Keeping Tabs on my Tabs – a quick Python hack

Published March 04, 2021 on Chandler Swift's Blog


I’m a bit of a tab hoarder. Firefox, thankfully, is pretty good about not using excessive resources for infrequently-accessed tabs, but when my Tab Counter extension told me I’d topped 300 tabs, I figured it was time to start a more serious diet plan. And what’s a diet without a scale? Here’s a script that I use to keep track of how many tabs I have open at a time, so I can measure my progress in the fight against my hoarding instincts.1

Firefox2 saves a sessionstore file that contains information about your windows and tabs. Unfortunately, that seems to be only saved when the browser is closed. However, Firefox also saves3 a $FIREFOX_PROFILE/sessionstore-backups/recovery.jsonlz4 with current data. This is the file I used. file tells us that .jsonlz4 is “Mozilla lz4 compressed data” – apparently they’re using a vaguely custom compression scheme to store this data.
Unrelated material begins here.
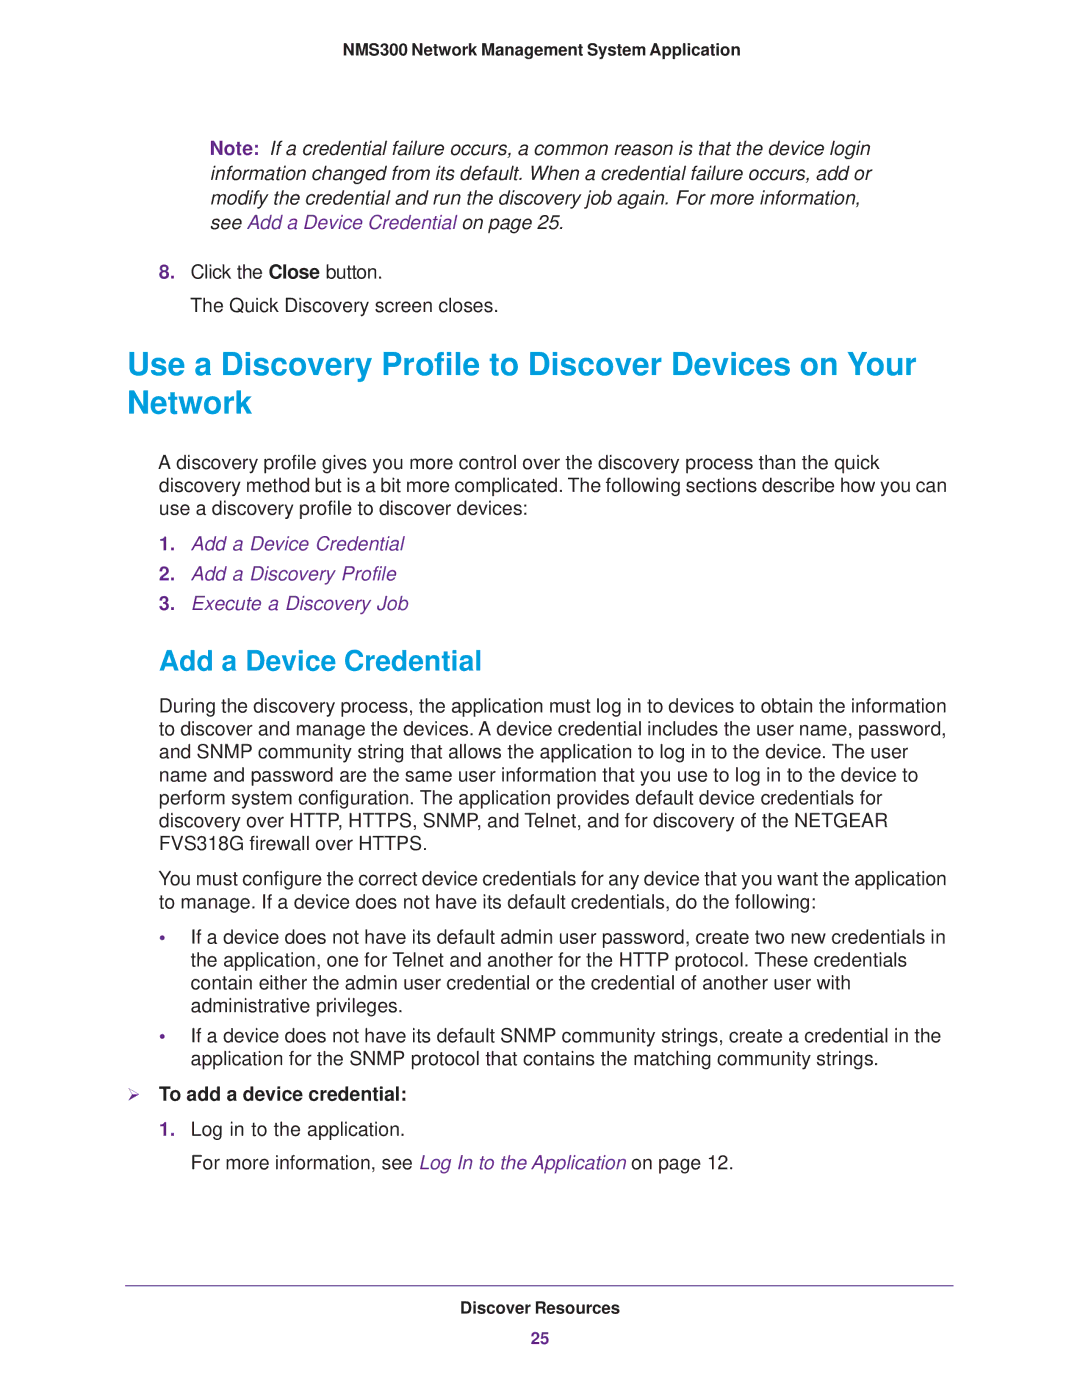 NETGEAR 202-11288-02 quick start Use a Discovery Profile to Discover Devices on Your Network, Add a Device Credential

I didn’t have any luck stripping the header and decompressing it with the standalone lz4 tool, but Python proved workable. Once I have the data, parsing it is fairly straightforward. I wound up running the script once a day on a cronjob, frequently enough to give me that little extra prod to close my tabs, and one day in…I’ve closed almost 30!

#!/usr/bin/env python
import lz4.block as lz4
import json
from datetime import date, timedelta
import urllib.parse
import shutil

RECOVERY_FILE="/home/chandler/.mozilla/firefox/cu3gxbtx.default-release/sessionstore-backups/recovery.jsonlz4"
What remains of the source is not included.